Question-Answering Networks

This repo implements a set of question-answering networks on the SQuAD dataset. They range from baselines, using just a dense layer or an lstm as a decoder up to models which were state-of-the-art at the time of publication. The models are:

Base-Model with Dense Layer as Decoder
LSTM-Model with a BiLSTM Layer plus an implementation of Pointer Net as Decoder
MatchLSTM
RNet
QANet

While they since have been improved on using transfer-learning approaches such as ELMo, OpenAI GPT or Bert I hope they still provide a useful reference for interested practitioners.

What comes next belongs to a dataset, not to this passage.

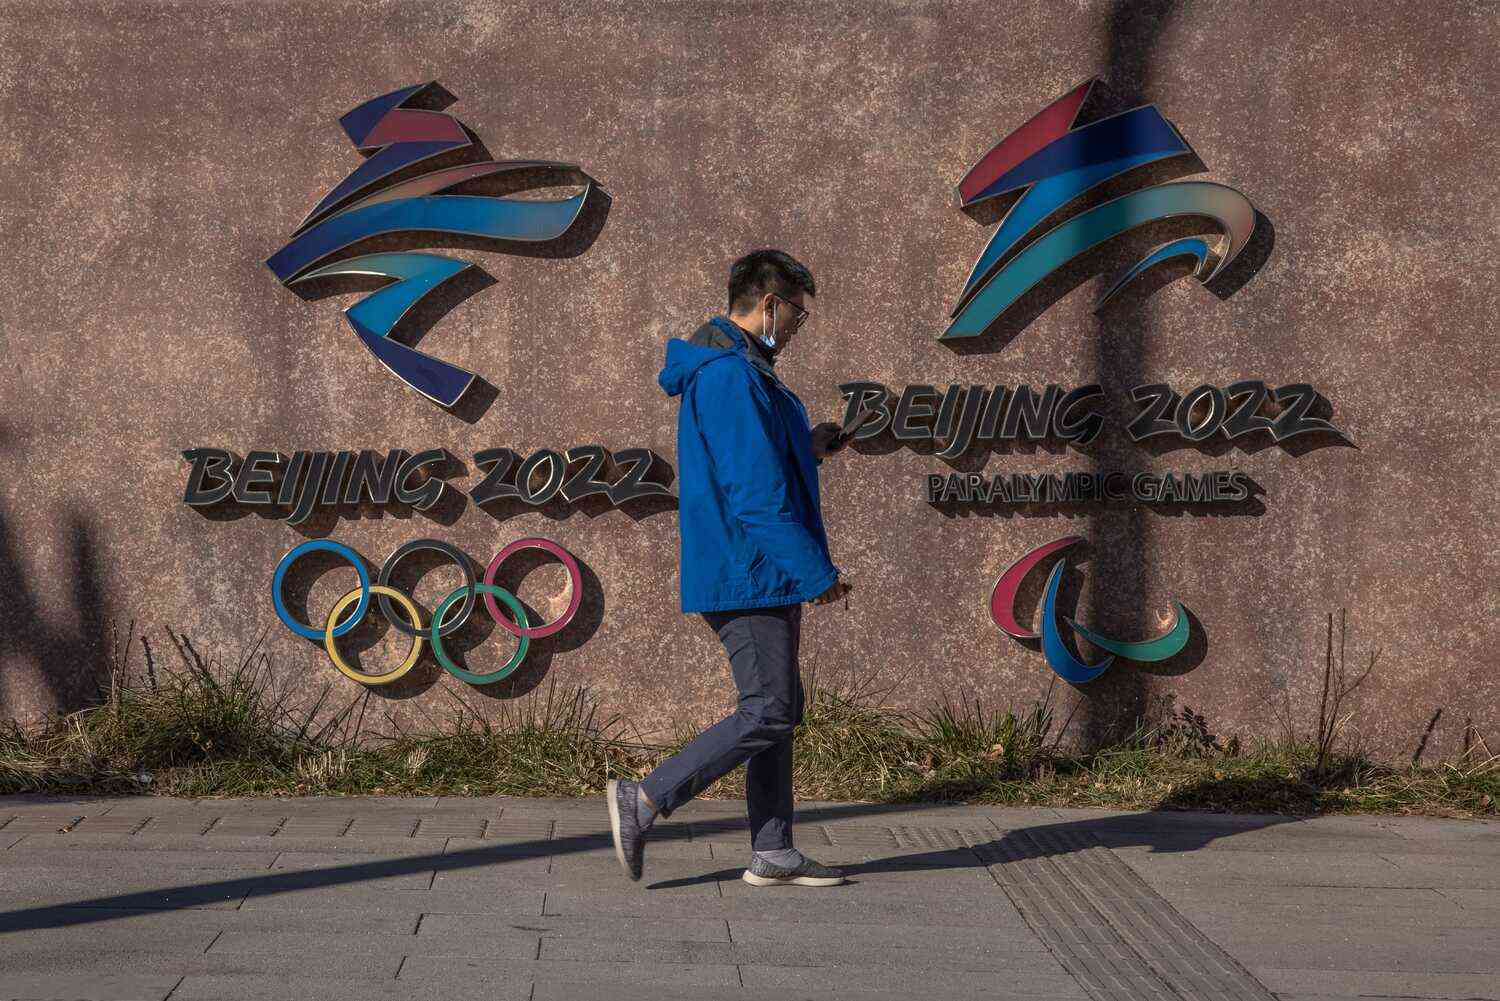 U.S. to not go to Beijing for Olympics

We used preprocessing and layer implementations from a set of other great repos implementing those models which are:

Requirements

This repo has been tested using python3.6 and the following package versions:

numpy==1.16.2
tabulate==0.8.3
tqdm==4.31.1
bottle==0.12.16
spacy==2.0.18
pyyaml==5.1
tensorflow-gpu==1.12

Download and Setup

First, you need to download the SQuAD dataset and the Glove word embeddings and store them in folders datasets/squad and datasets/glove respectively. You can do this by running

$ ./download.sh

in your terminal.

Next, you need to install the necessary python packages. I have provided a Pipfile for this purpose. To be able to use it, you need to have pipenv installed on your system. To do this, run

$ pip install -U pipenv

The Pipfile includes the path to the tensorflow wheel with gpu support. This is recommended to train the models. If you want to build tensorflow without gpu-support you can comment out the relevant line and un-comment the line below, which is the path to the tensorflow wheel without gpu-support.

Once this is done, you can create a virtual environment with all necessary packages by executing

$ pipenv install

You can access the virtualenv using

$ pipenv shell

Once you're done, exit it by typing

$ exit

If you have cuda installed on your system, you can run the models within this virtual environment.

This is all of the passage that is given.